The return of hundreds – if not thousands – of European-born radicals from the fighting in Syria to their home nations by way of Turkey is considered a major factor in the rise of “lone wolf” terrorism in Europe. Nearly 200 of these individuals were on French soil as of December, according to estimates provided by French authorities. Reports suggest both Said and Cherif Kouachi received training from radical elements overseas before returning to France to carry out the Charlie Hebdo shooting.

Critics point to several reasons why Turkey is so reluctant to seal off its southern border. Davutoglu, who became prime minister after a rather demure tenure as foreign minister, has supported a non-confrontational foreign policy in recent years in a bid to benefit the Turkish economy. Others suggest that any measure aimed at curtailing the activities of militant elements within Syria would simultaneously bolster Assad’s government, to the detriment of Turkey’s interests.
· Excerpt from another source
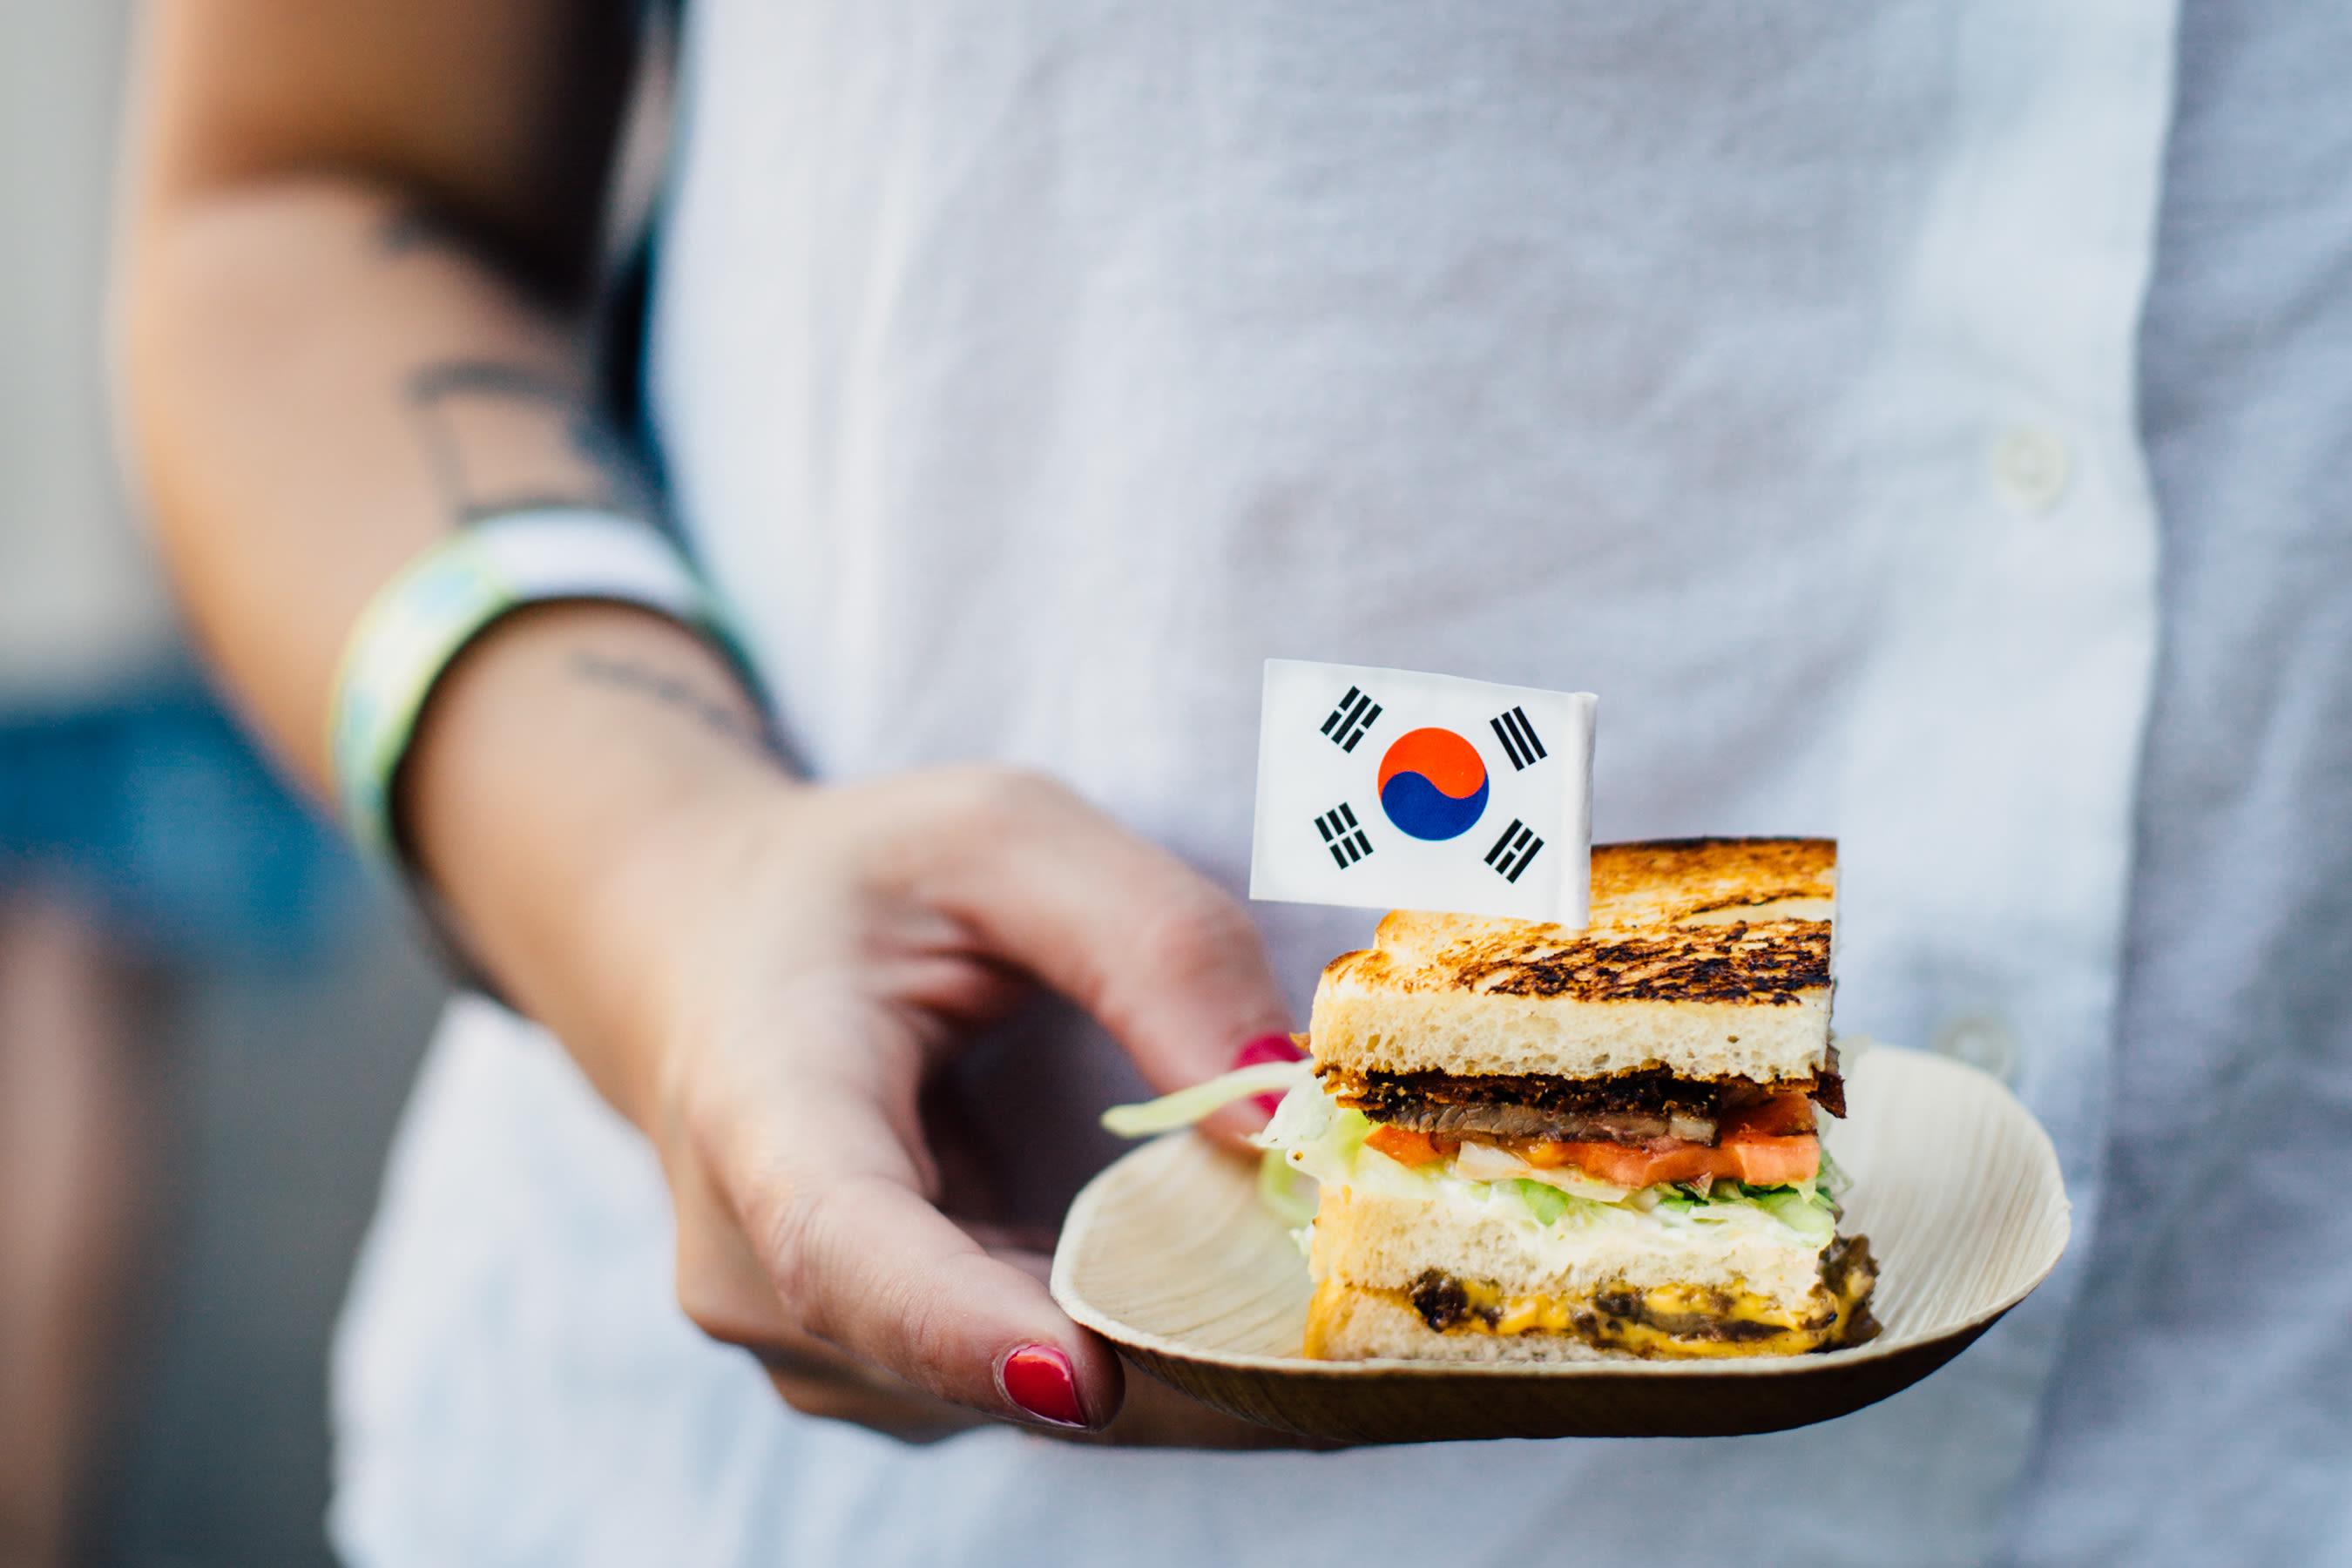 Feast2016 sandwich brookebass 4 nbltea

Communities of smugglers who subsisted for years by moving illicit contraband from nation to nation now perform the same task for foreign fighters, CBS News reported in September. Money, not ideology, rules the border.
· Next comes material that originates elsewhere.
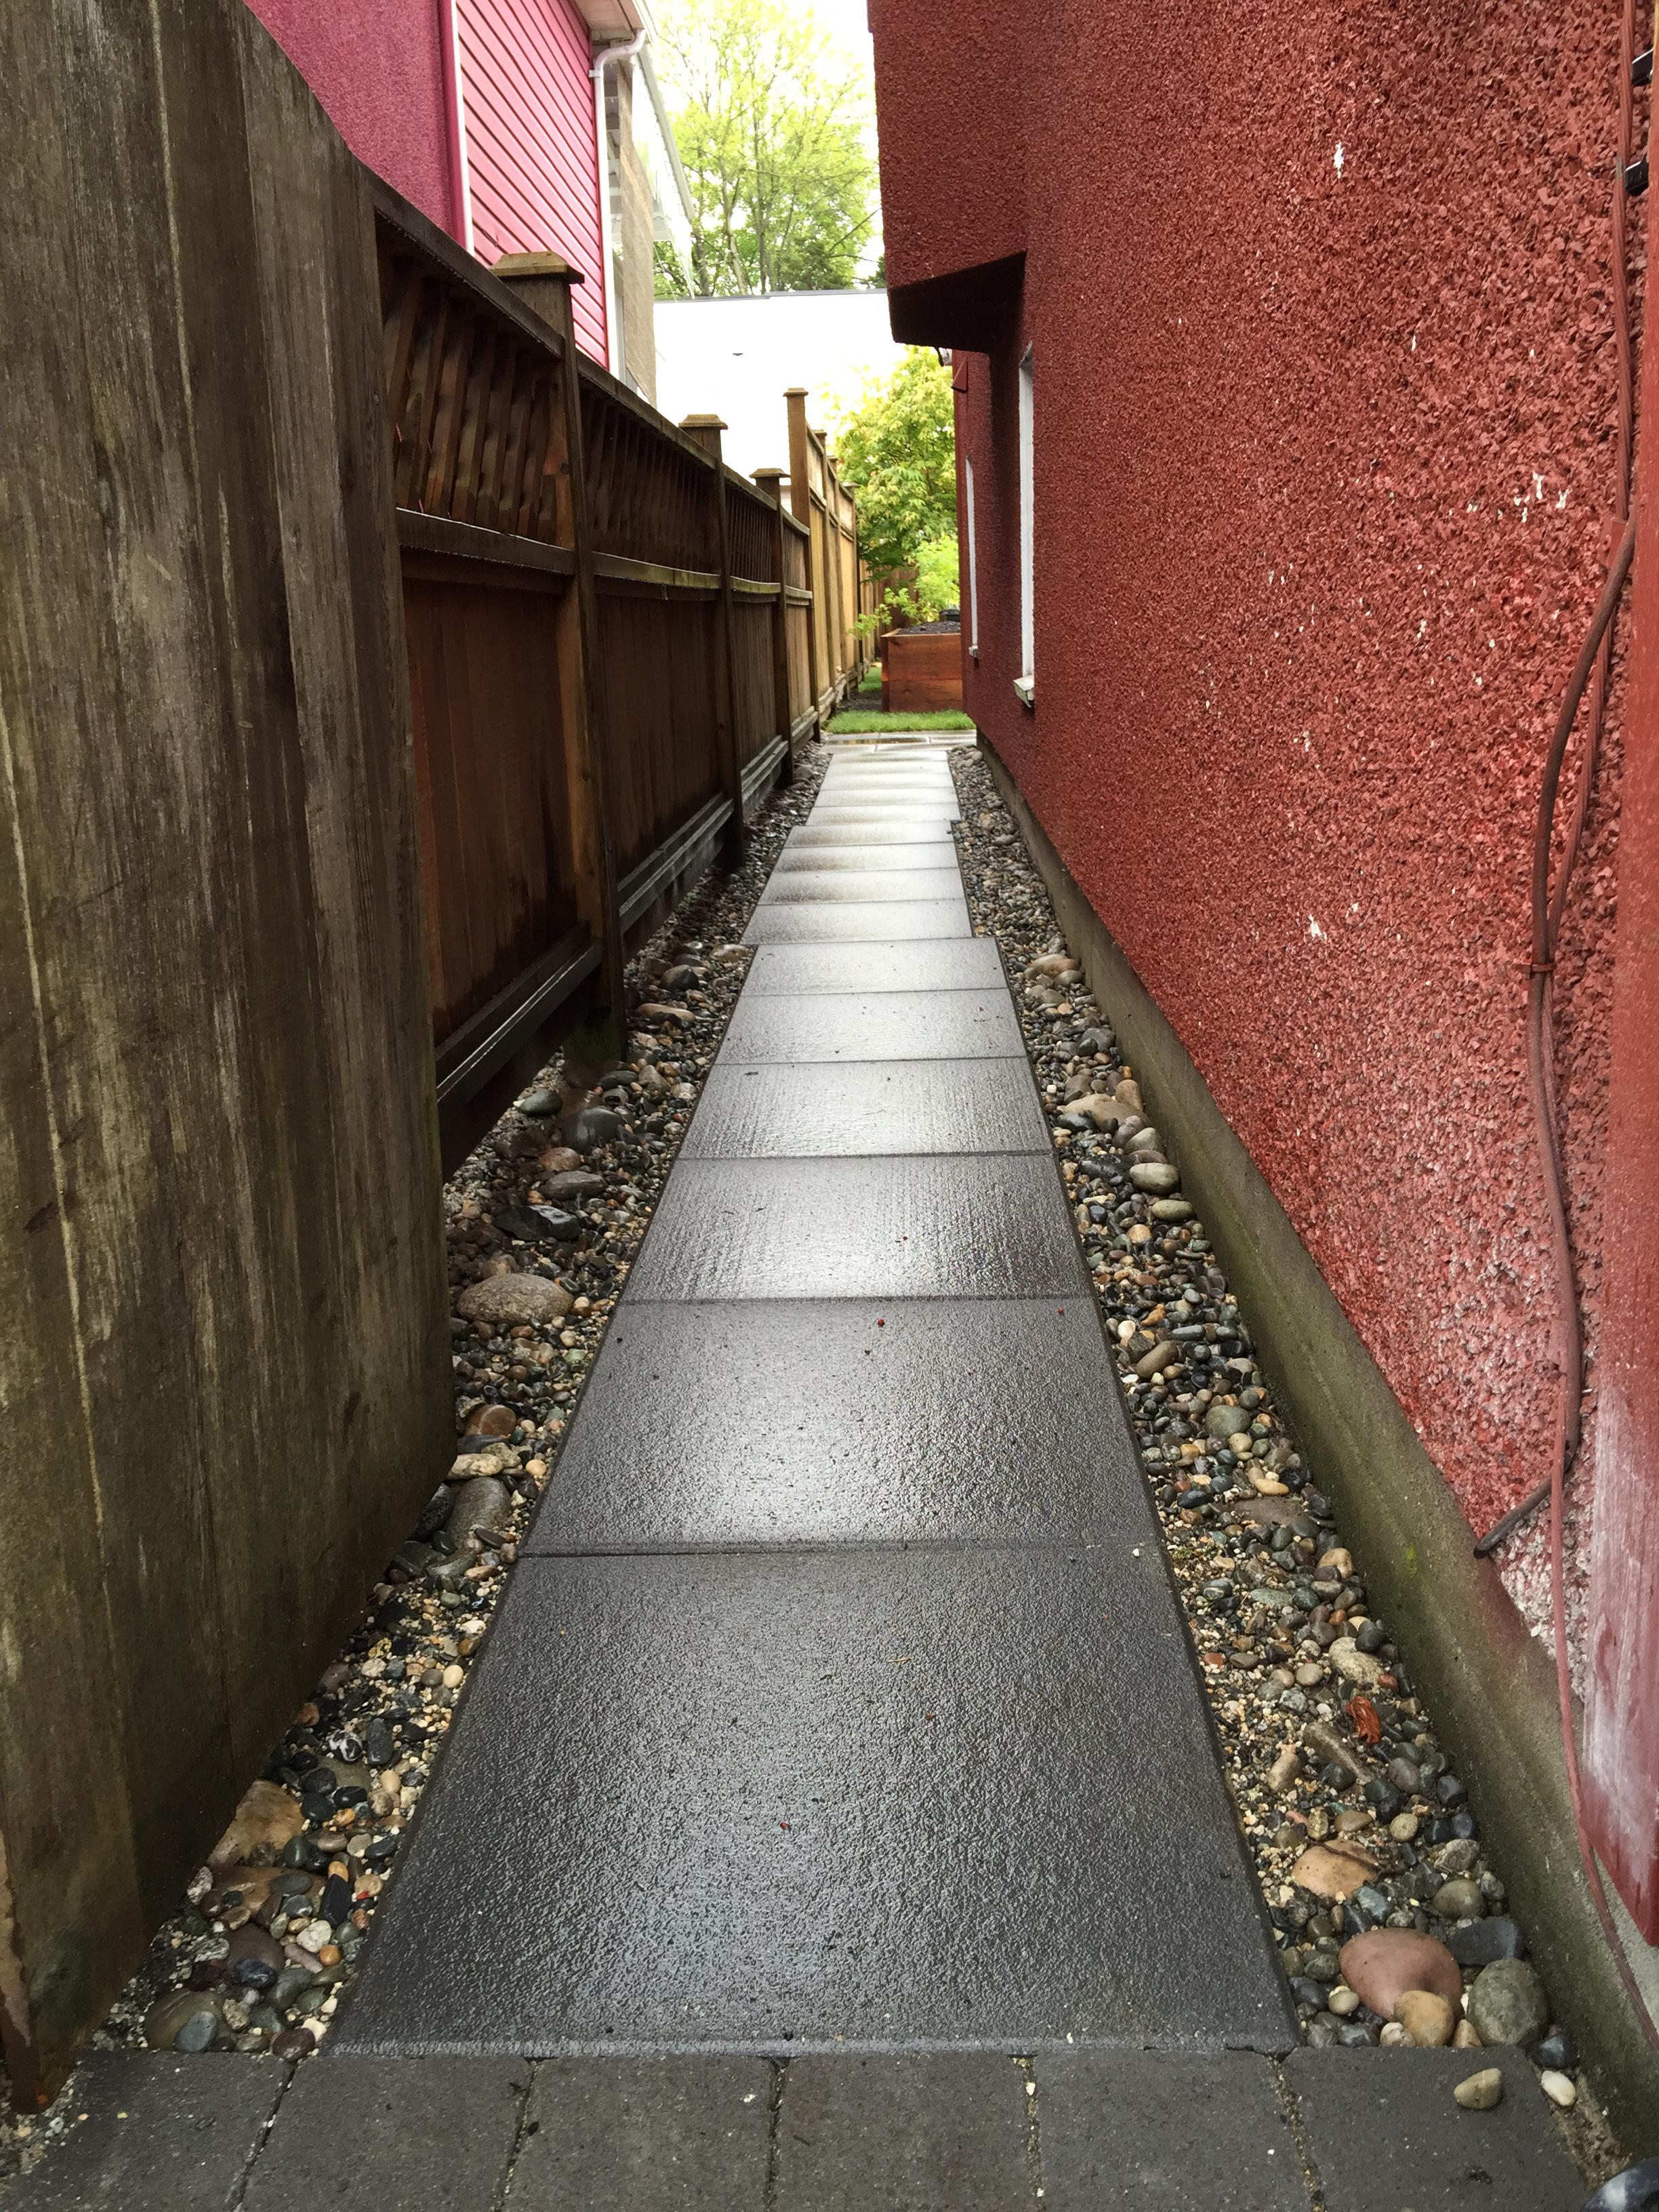 Concrete slab walkway

“Now, not all the people in the Turkish bureaucracy would [support border control], and so you can see some leakage, even at the ground level, where people will not be as serious,” Mendelsohn said. “You can easily bribe people on border crossings. The economy in the border region has long been fueled by some kind of underground economy.”
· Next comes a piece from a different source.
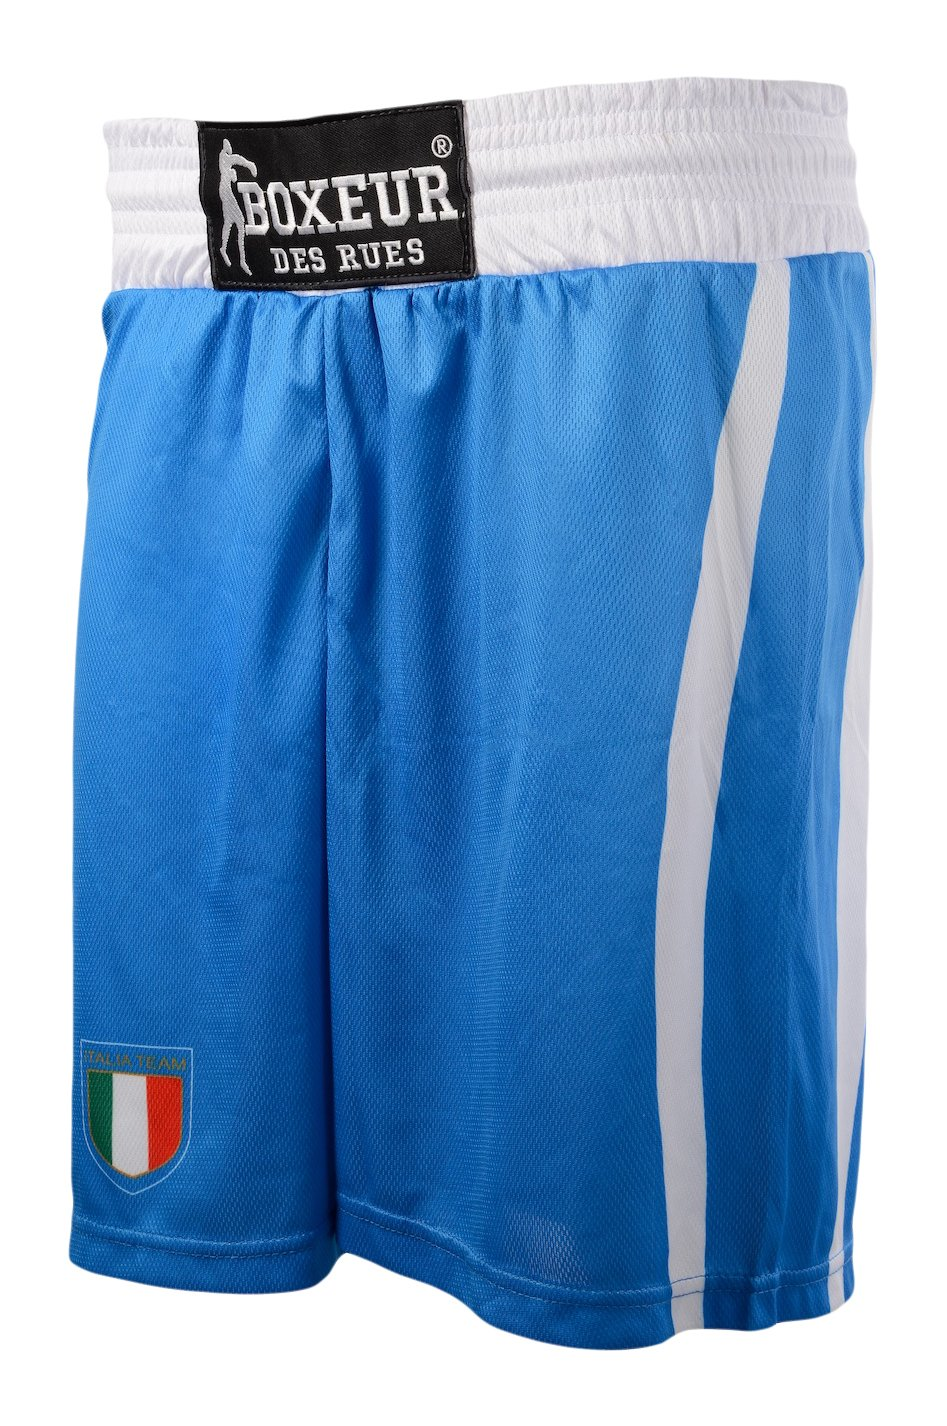 BOXEUR DES RUES Fight Sportbekleidung Shorts Ausschreibung, Damen

Turkey’s attitude toward ISIS has changed since June, when the militant group seized vast swathes of territory in Iraq and Syria in an attempt to establish a modern caliphate ruled by Shariah Islamic law. The Islamic State group now constitutes a serious threat to Turkey’s national security, with thousands of well-funded fighters stationed within miles of the border. Turkey has taken steps to aid Western powers in their battle against ISIS, but must toe a fine line because any action that significantly hampers ISIS activity could lead to open war between two sides that both seek Assad’s downfall – a lose-lose scenario for Turkish leaders, Mendelsohn said.

Moreover, international attention on the apparent militant pipeline between Turkey and Syria gives Davutoglu and his compatriots a degree of leverage over the United States and the United Nations, Mendelsohn said. A game of quid pro quo ensues – Western support of measures against the Assad regime in exchange for enhanced Turkish attention to border security.

“To a great extent, we need to understand that it’s also easy for intelligence agencies or for politicians in Western countries to push the blame away from their failures in identifying people leaving the country, heading to Turkey. That should be the first line of defense before you even start thinking about Turkey,” Mendelsohn said.